- City: Martigny, Switzerland
- League: MyHockey League
- Founded: 2018
- Home arena: Forum d'Octodure
- Owner(s): Patrick Polli
- General manager: Victor Liebenguth
- Head coach: Daniele Marghitola
- Captain: Melvin Merola
- Website: hcv.ch

= HC Valais-Chablais =

Swiss professional ice hockey team

HC Valais-Chablais is a Swiss ice hockey team who play in Martigny in the canton of Valais. They currently play in the MyHockey League (MyHL) since the 2024–25 season, the third tier of the ice hockey leagues in Switzerland, behind the National League and Swiss League.

==History==
The HC Valais-Chablais was founded on May 8, 2018 by the merger of HC Sion, HC Red Ice, HC Nendaz, HC Verbier and HC Monthey. This merger brings together 500 players of 24 different teams from junior level to the MySports League (MSL).
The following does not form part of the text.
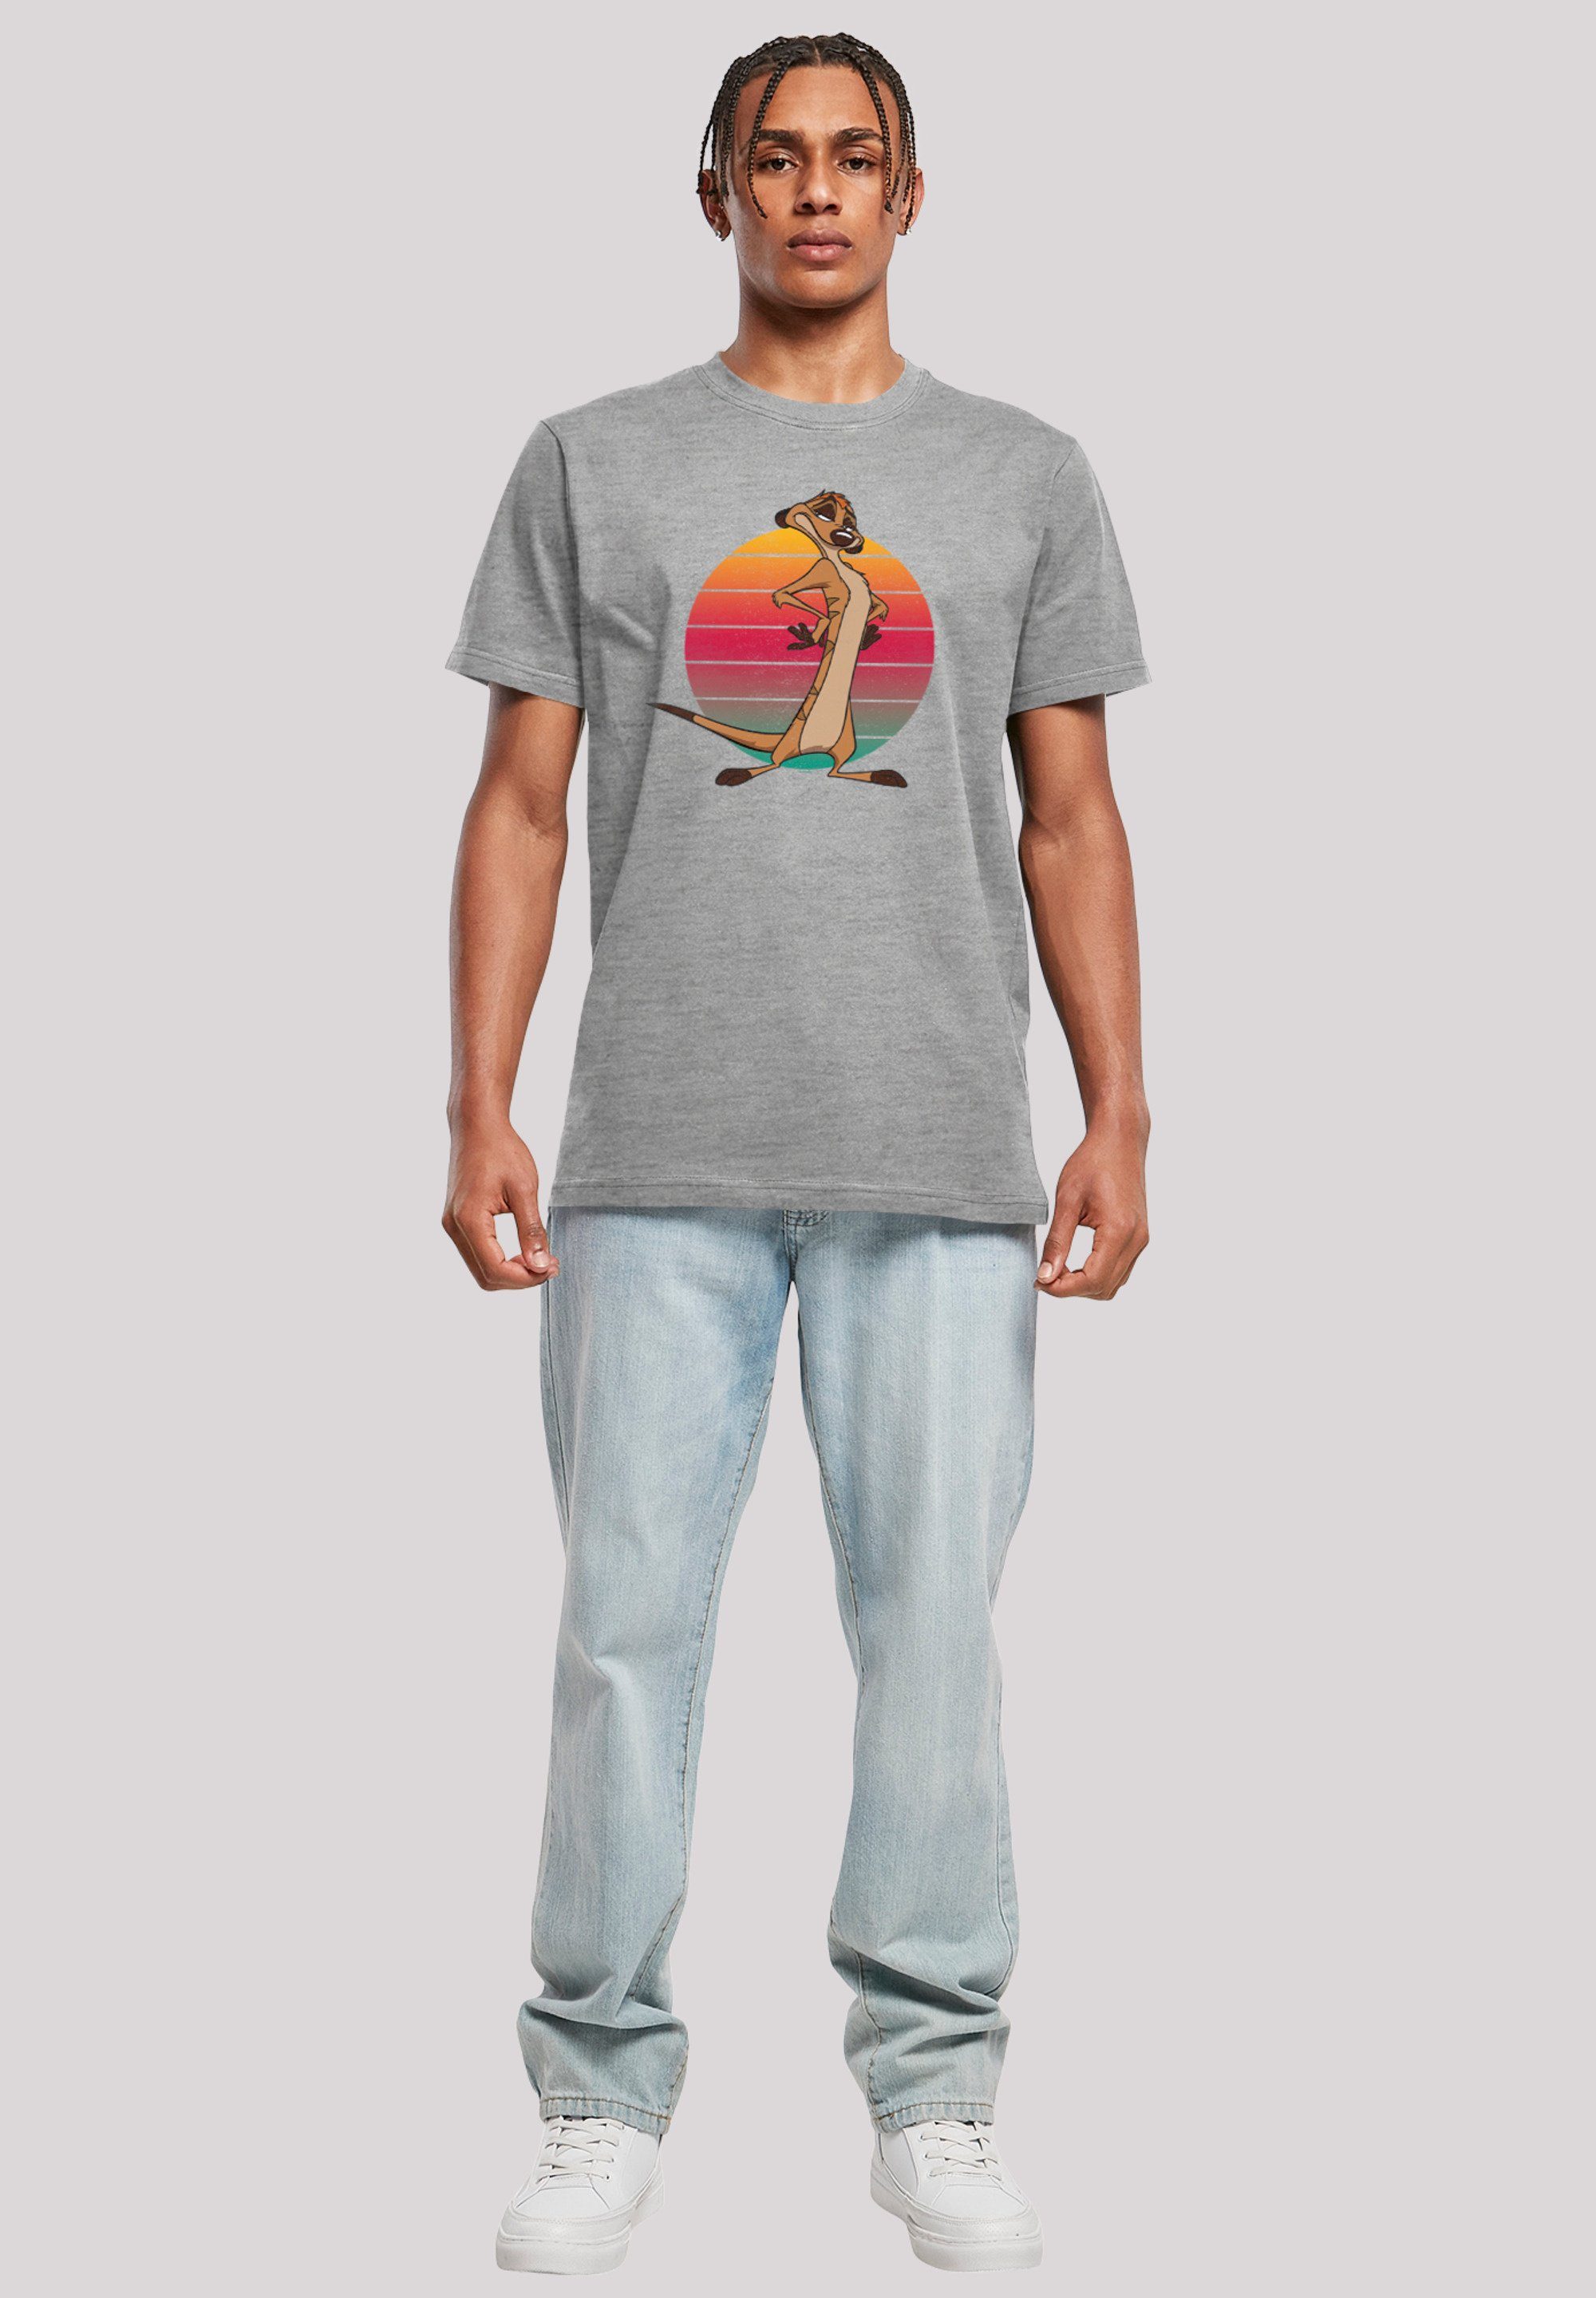 Timon der Disney Print Sunset König grey heather F4NT4STIC T-Shirt Löwen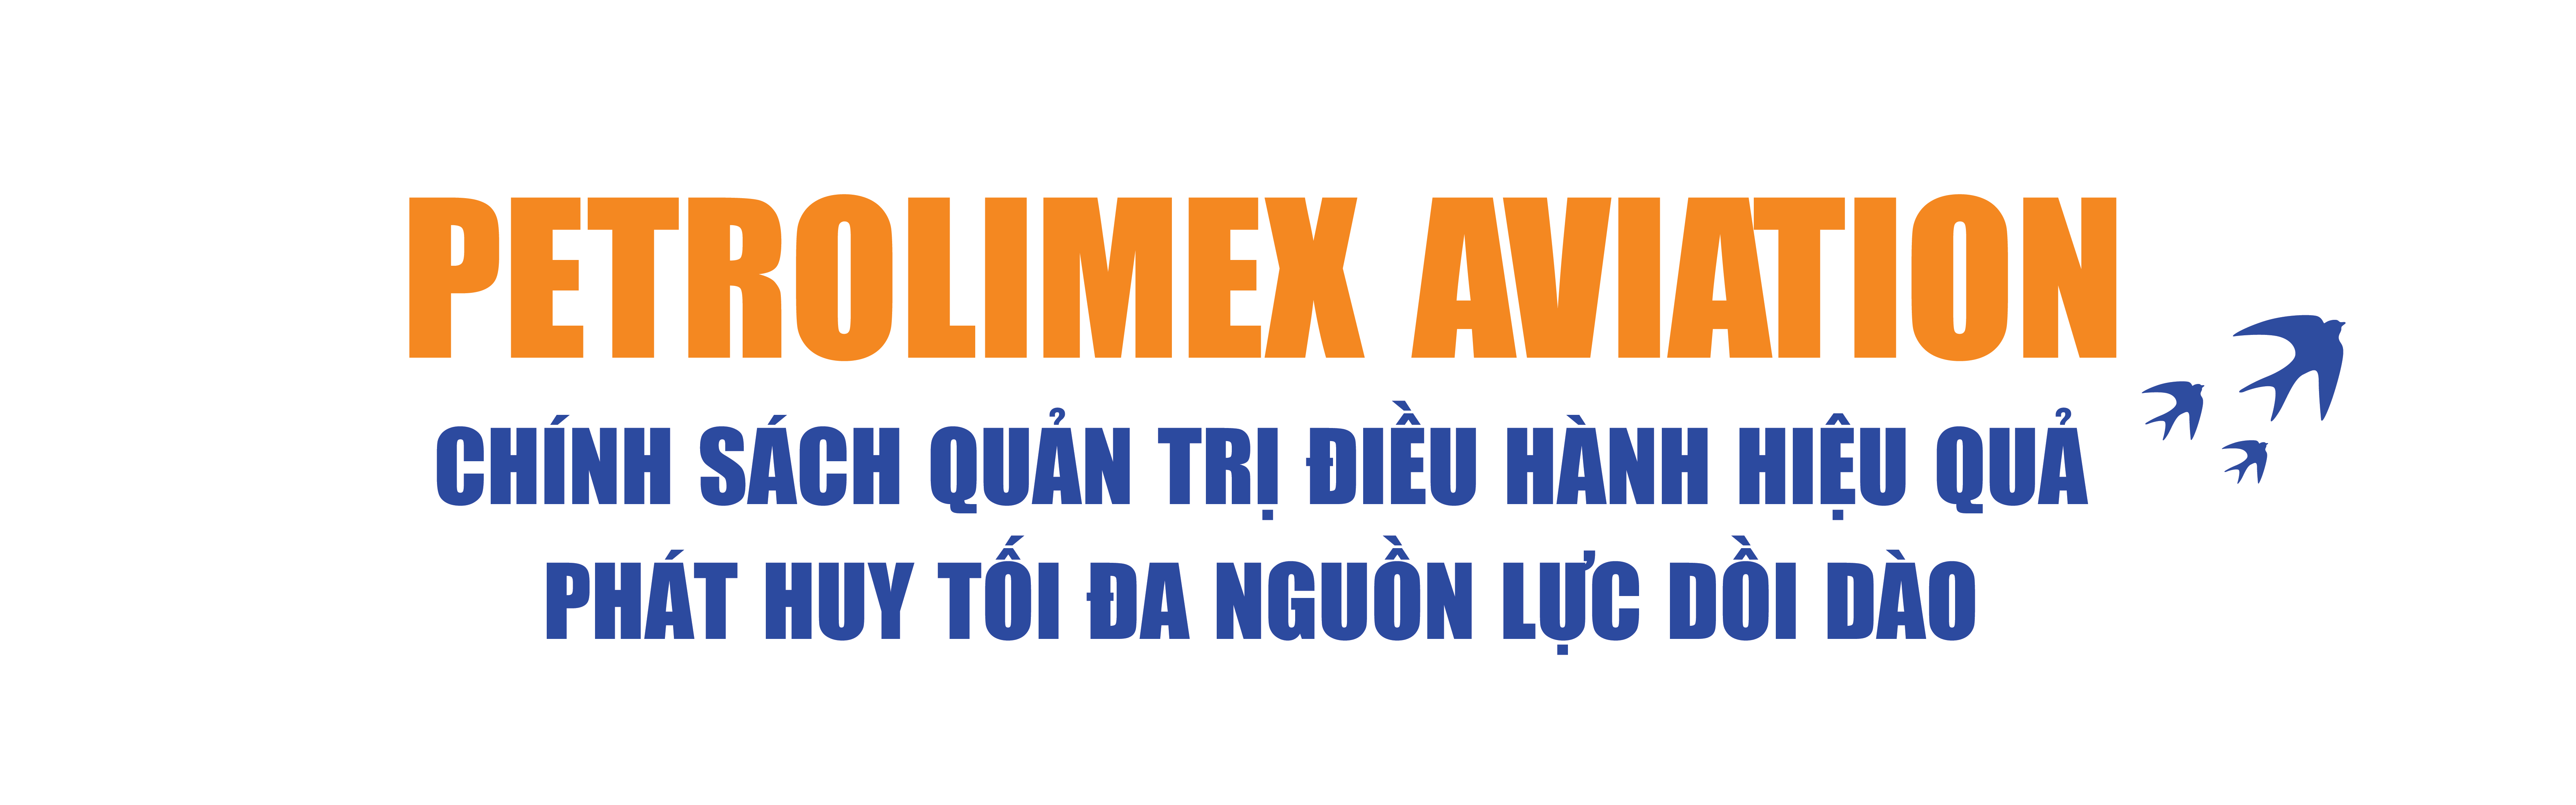 Petrolimex Aviation

The main team plays in Martigny in MSL. The second team plays in 1. Liga in Sion. 4 other Senior teams also play in Sion, Monthey, Nendaz and Verbier.

On December 5, 2018, to better assert a regional identity, the teams were renamed according to the location of their ice rink, HC Valais-Chablais 1 was renamed HCV Martigny.

In the 2022-23 season, HCV Martigny won the National Cup and the championship, obtaining promotion to SL.